I was drawn here by your post on R-bloggers: http://jason.bryer.org/posts/2013-01-24/Comparing_Two_Data_Frames.html
If like you say, your data has no numeric vectors, then I think I can suggest a faster approach. It consists in:
turn your two data.frames into two matrices of integers
compute the Euclidean distance between rows of your two datas
Quick example using your data:
mat1 <- as.matrix(sapply(df1, as.integer))
mat2 <- as.matrix(sapply(df2, as.integer))
library(fields)
rdist(mat1, mat2) < 1e-9
# [,1] [,2] [,3]
# [1,] FALSE FALSE FALSE
# [2,] FALSE TRUE FALSE
# [3,] FALSE FALSE TRUE
# [4,] FALSE FALSE FALSE
A few comments:
if your data contained vectors of characters, you would have to convert them into factors and make sure that they share the same factor levels.
I used the fields package to compute the Euclidean distance. It uses a Fortran implementation and is as far as I know the fastest R package around for the task (and I have tested many, trust me.)
I'm honestly not sure if this will be faster, but you might try:
foo <- Vectorize(function(x,y) {all(df1[x,] == df2[y,])})
> outer(1:4,1:3,FUN = foo)
[,1] [,2] [,3]
[1,] FALSE FALSE FALSE
[2,] FALSE TRUE FALSE
[3,] FALSE FALSE TRUE
[4,] FALSE FALSE FALSE
I feel compelled to at least mention the danger in using == for comparisons as opposed to all.equal or identical. I'm presuming that you're comfortable enough with the data types involves that this won't be a problem.

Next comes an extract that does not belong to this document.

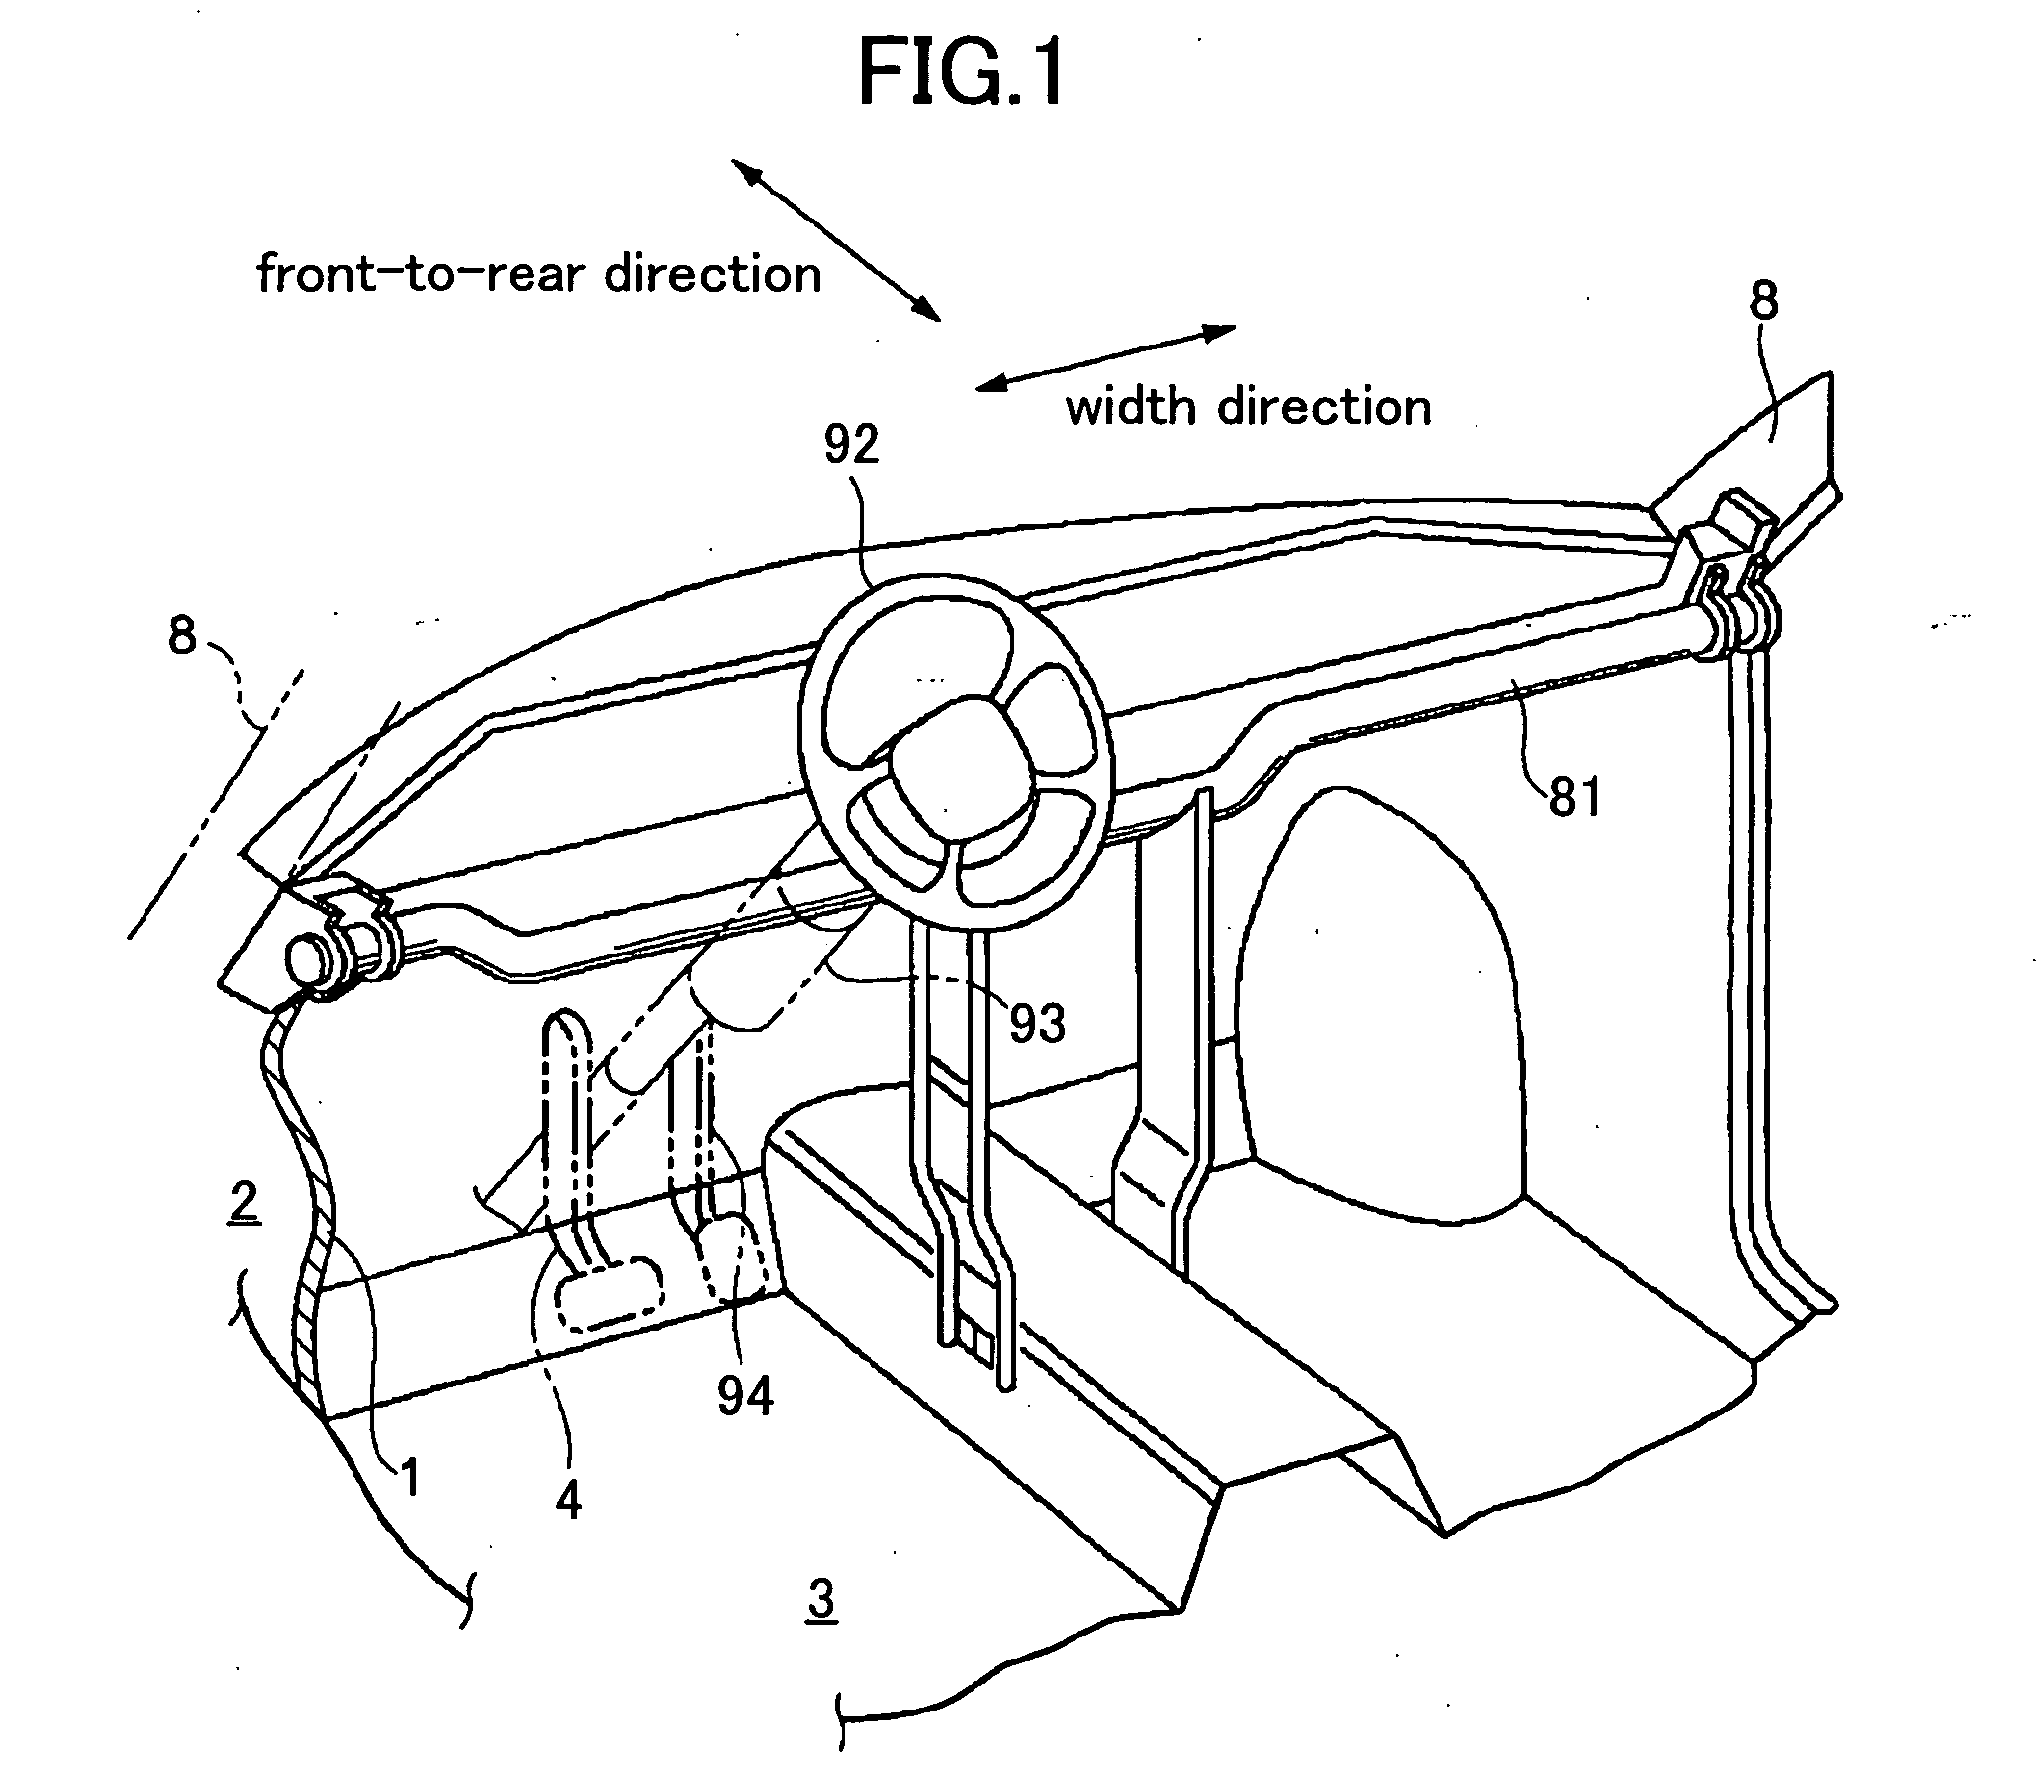 Pedal assembly support structure for vehicle

I suspect that the optimal solution depends on how many unique rows and how many total rows you have.
For the example on your blog, where there are 1000-1500 rows but only 20 unique values (for the seed you set there), I think it's faster to do this:
assign ids to each unique row and then
run outer on the vector of ids seen in each data.frame.
Here's the performance I got. #flodel's approach does about the same on my computer; it's the third one below. Disclaimer: I don't know much about running these kinds of tests.
> set.seed(2112)
> df1 <- data.frame(row.names=1:1000,
+ var1=sample(c(TRUE,FALSE), 1000, replace=TRUE),
+ var2=sample(1:10, 1000, replace=TRUE) )
> df2 <- data.frame(row.names=1001:2500,
+ var1=sample(c(TRUE,FALSE), 1500, replace=TRUE),
+ var2=sample(1:10, 1500, replace=TRUE))
>
> # candidate method on blog
> system.time({
+ df1$var3 <- apply(df1, 1, paste, collapse='.')
+ df2$var3 <- apply(df2, 1, paste, collapse='.')
+ df6 <- sapply(df2$var3, FUN=function(x) { x == df1$var3 })
+ dimnames(df6) <- list(row.names(df1), row.names(df2))
+ })
user system elapsed
1.13 0.00 1.14
>
> rownames(df1) <- NULL # in case something weird happens to rownames on merge
> rownames(df2) <- NULL
> # id method
> system.time({
+ df12 <- unique(rbind(df1,df2))
+ df12$id <- rownames(df12)
+
+ id1 <- merge(df12,df1)$id
+ id2 <- merge(df12,df2)$id
+
+ x <- outer(id1,id2,`==`)
+ })
user system elapsed
0.11 0.02 0.13
>
> library(fields)
> # rdlist from fields method
> system.time({
+ mat1 <- as.matrix(sapply(df1, as.integer))
+ mat2 <- as.matrix(sapply(df2, as.integer))
+ rdist(mat1, mat2) < 1e-9
+ })
user system elapsed
0.15 0.00 0.16
I guess the rbind and the merges would make this solution relatively more costly with different data.